A considerable body of literature has demonstrated gender discrepancies in overall
mortality after acute myocardial infarction (AMI). This study assessed age-stratified
mortality rates among men and women undergoing coronary angiography for AMI to determine
whether gender discrepancies are age specific. The retrospective observational study
included 2677 consecutive patients at a single tertiary care center who presented
with chest pain, and subsequently were found to have electrocardiographic changes
and biomarker changes consistent with an MI, and underwent angiography before revascularization
therapy. Patients were divided by gender and by age; > or < 70 years old. Consistent
with prior data, women had MIs at older ages within both of these age groups (> 70
years old age group: women 77.1 ± 5.5 years vs. men 75.4 ± 4.6 years old; p < 0.001, < 70 years old age group: women 60.4 ± 8.2 years old vs. men 56.4 ± 8.5
years old; p < 0.001). In both age groups, women had a statistically significant increased number
of medical problems, including diabetes and hypertension, although men in both age
groups had a statistically significant increased incidence of cigarette smoking and
higher incidence of prior myocardial infarctions. Overall MI characteristics, including
location of event, evidence of collateral circulation on angiography, and multi-vessel
disease, demonstrated no difference between genders in either age group. Overall treatment,
including angioplasty, use of stents, use of thrombolysis, and coronary artery bypass
surgery rates, were not different between the genders in either age group. The primary
outcome, overall survival to hospital discharge, was significantly different between
men and women in the > 70-year-old age group (women 11.7% vs. men 5.0%), although
in the < 70-year-old age group, no difference was found (women 5.7% vs. men 4.9%).

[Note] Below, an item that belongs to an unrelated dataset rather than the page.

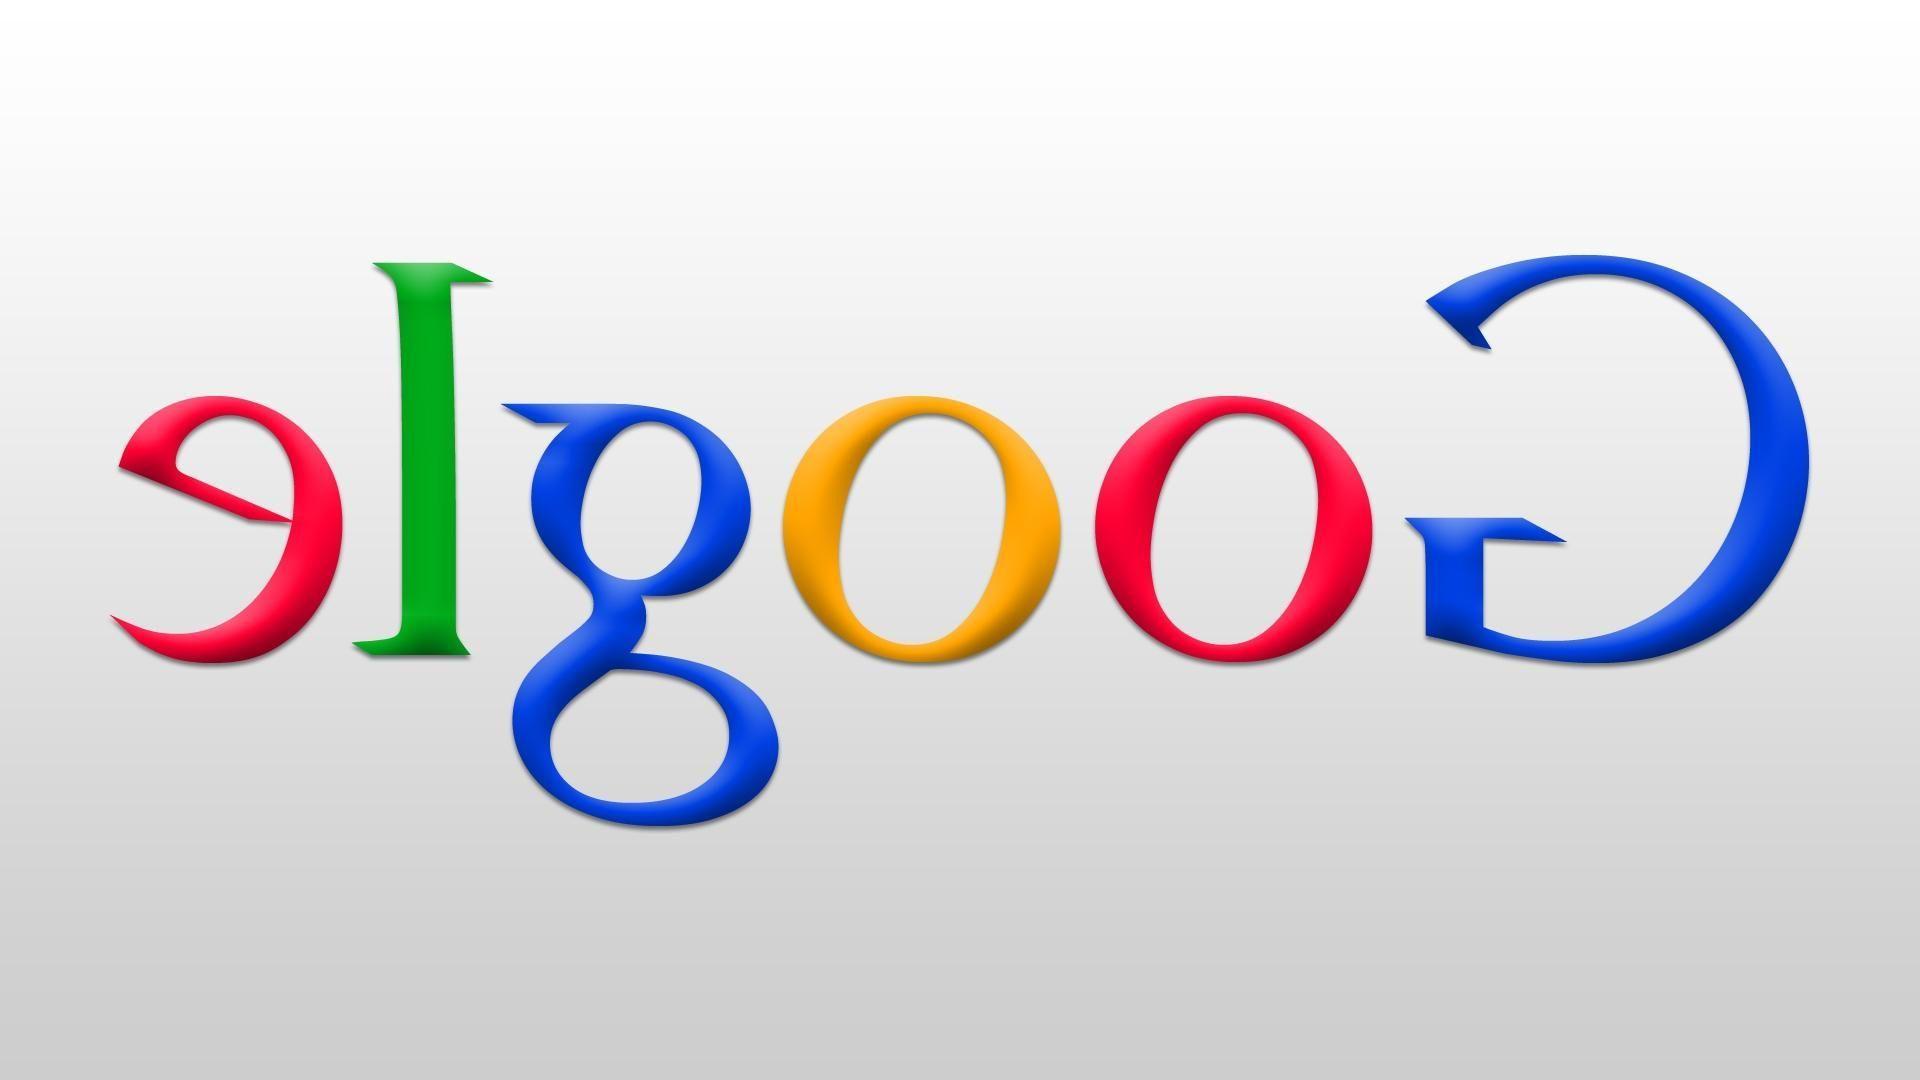 Google themes themebeta - Google Themes Themebeta 41

In a multivariate logistic regression model that included past medical history, risk
factors, MI characteristics, and treatment characteristics, female age was positively
predictive of in-hospital mortality for patients > 70 years of age (odds ratio [OR]
1.78, 95% confidence interval [CI] 1.05–3.00), whereas in patients < 70 years of age,
female gender was not associated with increased in-hospital mortality (OR 1.09, 95%
CI 0.53–2.24).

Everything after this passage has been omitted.